The main problem is, that I don't think the function $f$ whose range is a $p$-dimensional vector space can distribute into $w$ and $\theta$ respectively, as what I hope to reach after the question marks.
In order to make $w \otimes \theta$ makes sense on the left hand side, we want $w$ to eat an $m$-vector and $\theta$ to eat an $n$-vector, where $m+n=p$. Hence, how can each $w$ and $\theta$ eats a $p$-vector $f$?

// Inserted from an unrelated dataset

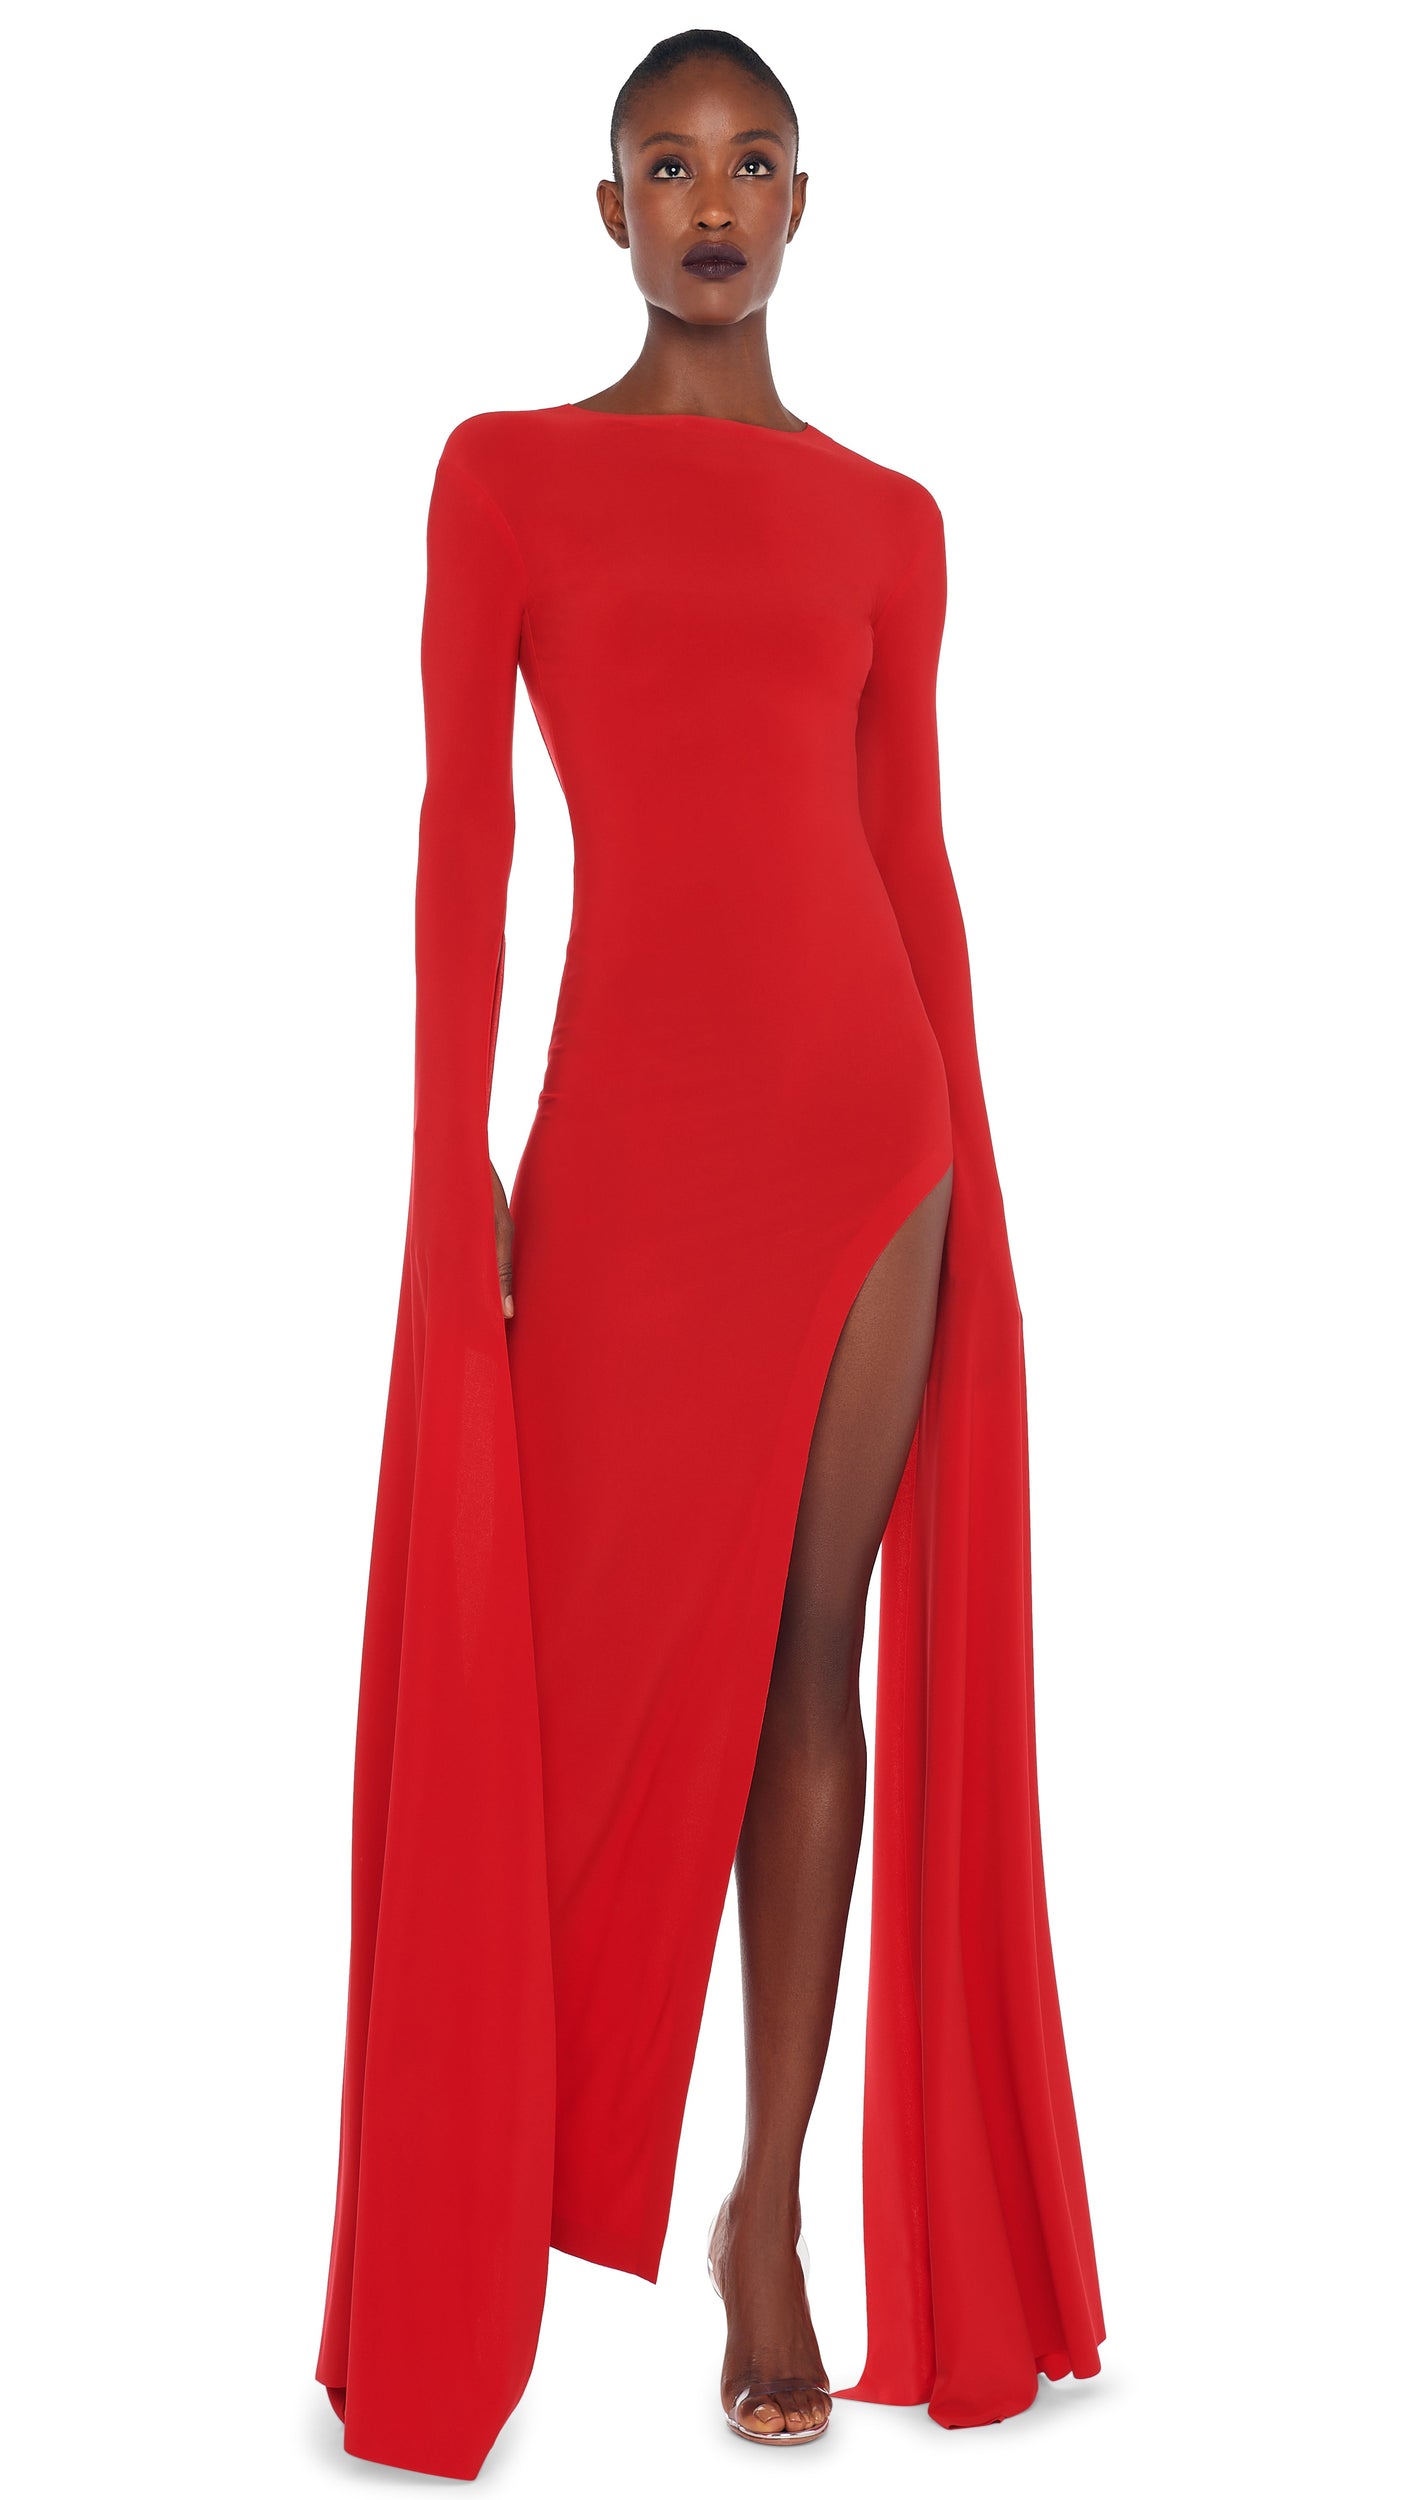 Buy TRENDY FAB Women's Rayon 3/4 Sleeve Gown Red at Amazon.in

\begin{eqnarray} f^*(w \wedge \theta) & = &(df_x)^* (w \wedge \theta) (f)\\ & = &(df_x)^* \operatorname{Alt}(w \otimes \theta) (f)\\ & = &(df_x)^* \frac{1}{p!}\sum_{\pi \in S_p}(-1)^\pi(w \otimes \theta)^\pi (f)\\ & = & ???\\ & = &\frac{1}{p!}\sum_{\pi \in S_p}(-1)^\pi((df_x)^*w(f) \otimes (df_x)^*\theta(f))^\pi\\ & = & \operatorname{Alt}[(df_x)^*w(f) \otimes (df_x)^*\theta(f)]\\ & = &(df_x)^*w(f) \wedge (df_x)^*\theta(f)\\ & = &(f^*w) \wedge (f^* \theta). \end{eqnarray}
Suppose $\omega$ and $\phi$ are one-forms on $N$ and $f: M \rightarrow N$ is a function. The form $\omega \wedge \phi$ is a two-form on $N$ and the pull-back under $f$ would be denoted $f^*(\omega \wedge \phi)$ it is a two-form on $M$. In particular, the definition can be made precise in terms of two vectors at $p \in M$. \begin{align} f^*(\omega \wedge \phi)(v,w) &= (\omega \wedge \phi) (d_pf(v),d_p(w)) \\ &= (\omega \otimes \phi- \phi \otimes \omega) (d_pf(v),d_p(w)) \\ &= (\omega \otimes \phi)(d_pf(v),d_p(w))- (\phi \otimes \omega) (d_pf(v),d_p(w)) \\ &= \omega (d_pf(v) \phi(d_p(w))- \phi (d_pf(v))\omega (d_p(w)) \\ &= (f^*\omega)(v) (f^*\phi)(w)- (f^*\phi)(v)(f^*\omega)(w) \\ &= (f^*\omega \otimes f^*\phi)(v,w)- (f^*\phi \otimes f^*\omega)(v,w) \\ &= (f^*\omega \otimes f^*\phi - f^*\phi \otimes f^*\omega)(v,w) \\ &= (f^*\omega \wedge f^*\phi)(v,w) \end{align} This holds for all $v,w \in T_pM$ hence the identity $f^*(\omega \wedge \phi) = f^*\omega \wedge f^*\phi$ holds. This argument can be generalized for $\omega$ a $k$-form and $\phi$ a $r$-form, you just have to sort through the antisymmetrization. Looks like you may already have those tools ready to use, so I hope this case suffices to get you started.